Architectural Overview#
The benchmark is constructed in a modular fashion, with each module configured via a .yaml
config using Hydra.
The predominant ingredients are:
Datasets: The benchmark supports a variety of datasets, described in Dataset and documented in protein_workshop.datasets
Models: The benchmark supports a variety of models, described in Models and documented in protein_workshop.models
Tasks: The benchmark supports a variety of tasks, described in Tasks and documented in protein_workshop.tasks
Features: The benchmark supports a variety of features, described in Features and documented in protein_workshop.features
Datasets#
Protein
and ProteinBatch
Data structures#
We make extensive use of Graphein for data processing and featurisation in the framework.

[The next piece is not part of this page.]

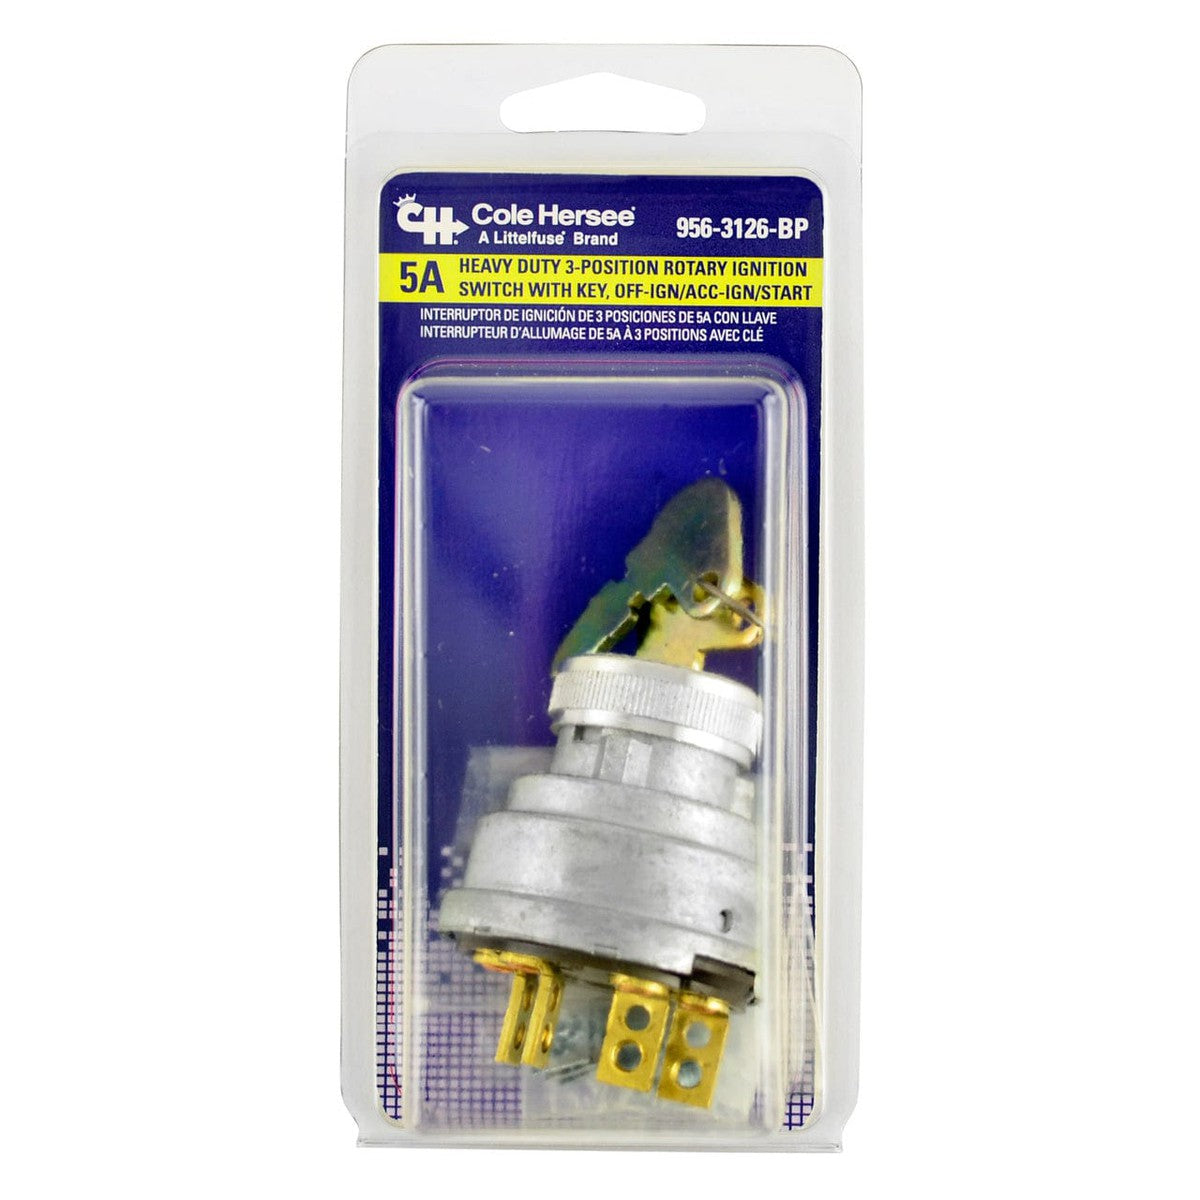 Cole Hersee Company Qualifies for Free Shipping Cole Hersee 3-Position Heavy-Duty Ignition Switch #956-3126-BP

To familiarise yourself with the data structures used in the framework, please see the
tutorials provided by Graphein. In essence, these objects inherit from torch_geometric.data.Data
and torch_geometric.data.Batch
respectively, and are used to represent a single protein or a batch of proteins.
ProteinDataModule
Base classes#
The framework provides base classes for datasets and datamodules, which can be extended to create new datasets.
The datamodule is the only object that needs to be configured to add a new dataset. The proteinworkshop.datasets.base.ProteinDataModule
class is a subclass of pytorch_lightning.LightningDataModule
and is used to represent a datamodule for a dataset of proteins. This class is used to create dataloaders for training, validation and testing.
To do so, the datamodule for the new dataset should inherit from proteinworkshop.datasets.base.ProteinDataModule
and implement the following methods:
proteinworkshop.datasets.base.ProteinDataModule.parse_dataset()
(optionally)
proteinworkshop.datasets.base.ProteinDataModule.parse_labels()
(optionally)
proteinworkshop.datasets.base.ProteinDataModule.exclude_pdbs()
proteinworkshop.datasets.base.ProteinDataModule.train_dataset()
proteinworkshop.datasets.base.ProteinDataModule.val_dataset()
proteinworkshop.datasets.base.ProteinDataModule.test_dataset()
proteinworkshop.datasets.base.ProteinDataModule.train_dataloader()
proteinworkshop.datasets.base.ProteinDataModule.val_dataloader()
proteinworkshop.datasets.base.ProteinDataModule.test_dataloader()
The methods proteinworkshop.datasets.base.ProteinDataModule.train_dataset()
, proteinworkshop.datasets.base.ProteinDataModule.val_dataset()
and proteinworkshop.datasets.base.ProteinDataModule.test_dataset()
should return a proteinworkshop.datasets.base.ProteinDataset
object, which is a subclass of torch.utils.data.Dataset
and is used to represent a dataset of proteins.
The methods proteinworkshop.datasets.base.ProteinDataModule.train_dataloader()
, proteinworkshop.datasets.base.ProteinDataModule.val_dataloader()
and proteinworkshop.datasets.base.ProteinDataModule.test_dataloader()
should return a graphein.protein.tensor.dataloader.ProteinDataLoader
object, which is used to represent a dataloader for a dataset of proteins.
The methods proteinworkshop.datasets.base.ProteinDataModule.download()
proteinworkshop.datasets.base.ProteinDataModule.parse_dataset()
, handles all of the dataset-specific logic for downloading, and parsing labels, ids/filenames and chains.
Models#
proteinworkshop.models.base.BaseModel
and proteinworkshop.models.base.BenchMarkModel
Base classes#
These objects orchestrate model training and validation logic. The proteinworkshop.models.base.BaseModel
class is a subclass of pytorch_lightning.LightningModule
.
The proteinworkshop.models.base.BenchMarkModel
class is a subclass of proteinworkshop.models.base.BaseModel
and is used as the primary orchestrator in the framework.
To use a different structural encoder, the user should overwrite proteinworkshop.models.base.BenchMarkModel.encoder
with a new encoder class. The encoder class should be a subclass of torch.nn.Module
and should implement the following methods:
The forward method should be of the form:
from proteinworkshop.types import EncoderOutput
def forward(self, x: [Batch, ProteinBatch]) -> EncoderOutput:
node_emb = x.x
graph_emb = self.readout(node_emb, x.batch)
return EncoderOutput({"node_embedding": node_emb, "graph_embedding": graph_embedding})
Consuming a Batch object and returning a dictionary with keys node_embedding
and graph_embedding
.
Note
Both keys in the output dictionary are not required to be present, depending on whether the task is node-level or graph-level.